Мы можем убедиться, что Хаген в действительности не говорил, что он якобы поклялся молчать о кладе покамест не узнает о смерти всех трех братьев (Гунтера, Гизельхера и Гернота, - два последних уже погибли в бою с гуннами). При этом в переводе Ю. Б. Корнеева появляется несообразность: Хаген якобы поклялся молчать о кладе до тех пор, пока живы братья, и вместе с тем заявляет, что не откроет этой тайны "до гроба"! Хаген поклялся в другом: не раскрывать тайны. Мысль его проста: пока живы короли, они - хозяева клада. Поэтому и сама Кримхильда не понимает слов Хагена так, как истолковывает их переводчик ("От клятвы освобожу я вас"), она просто-напросто "кладет конец" многолетней вражде, доводя ее до желаемого ею рокового конца, и велит отрубить голову Гунтеру не для того, чтобы заставить Хагена говорить, а мстя за убийство Зигфрида, соучастником которого был ее брат. Хаген испытывает горе при виде отрубленной головы своего господина (о чем перевод умалчивает).

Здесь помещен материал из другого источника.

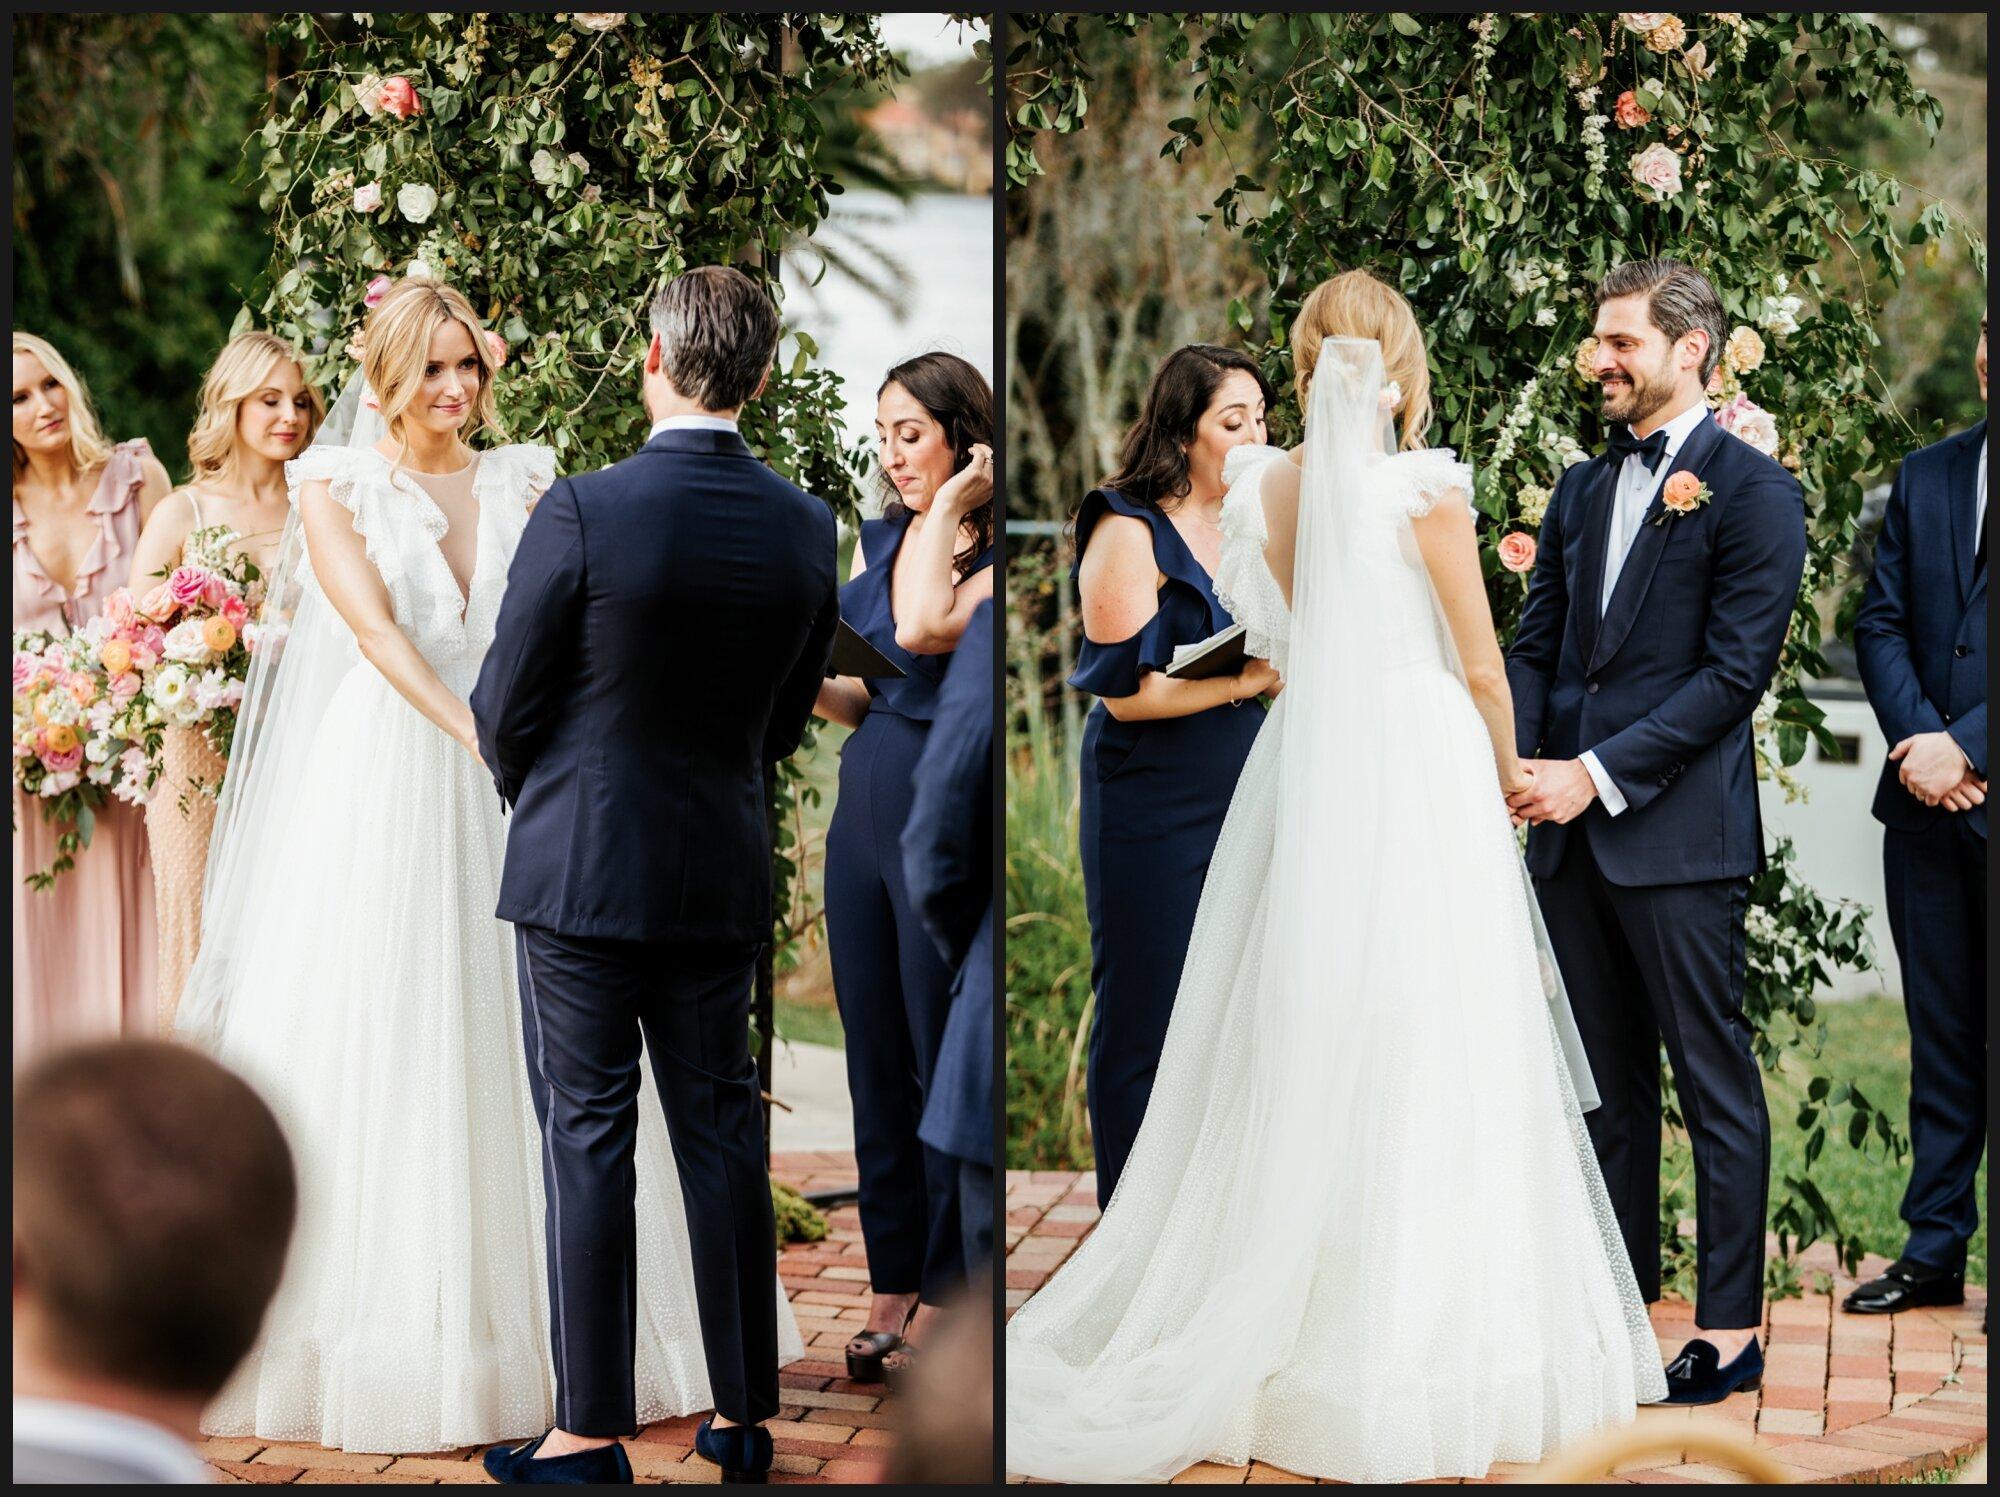 Orlando-Wedding-Photographer-destination-wedding-photographer-florida-wedding-photographer-hawaii-wedding-photographer_0708.jpg

Я хотел бы быть понятым правильно. Я не настаиваю на том, что в "Песни о нибелунгах" вовсе отсутствует какой бы то ни было след старого мотива, который с предельной выразительностью виден в "Гренландской Песни об Атли": умерщвление одного из владельцев клада как условие выдачи сокровища и глумление оставшегося в живых над обманутым убийцей. Я предполагаю другое: этот мотив известен автору эпопеи (см. строфы 2370-2371), и он с ним считается; но мотив этот существенно ослаблен и частично переработан. Причина такой, пусть неполной трансформации понятна: немецкая рыцарская эпопея была создана (пересоздана с использованием старых песен) в совсем другой идеологической среде, нежели эддические песни. Языческая этика в "Песни о нибелунгах" неизбежно подверглась значительным коррективам. Если в "Старшей Эдде" брат мог потребовать смерти брата (Хёгни и Гуннар - братья) для того, чтобы затем бросить жадному тирану Атли гордый вызов: "ты радости // так не увидишь, // как не увидишь // ты наших сокровищ!" - то можно ли предположить, что Хаген - старший вассал Гунтера поставил бы такое же условие? Хаген не говорит Кримхильде: сперва убей моего сеньора, и не намекает на подобную возможность. Это было бы противно всем нормам феодального поведения, самой черной изменой, какую только можно было домыслить в обществе, строившемся на отношениях личной верности и покровительства. Хаген, конечно, хотел умереть честным и оставить по себе память, незапятнанную славой Иуды. Как же мог он подстрекать Кримхильду умертвить его господина? Такая мысль не могла прийти автору "Песни о нибелунгах". Убийство брата его собственной сестрой ужасает Хагена, и он совершенно точно, в категориях своего времени, называет ее valandinne, "дьяволицей", ибо на такое злодейство мог отважиться лишь тот, кем завладел дьявол [32]. Кримхильда попрала все законы - и человеческие и божьи, и Хильдебранд тут же ее карает ударом меча. Между тем смерть Хагена, "лучшего из героев", оплакивает даже его враг Этцель.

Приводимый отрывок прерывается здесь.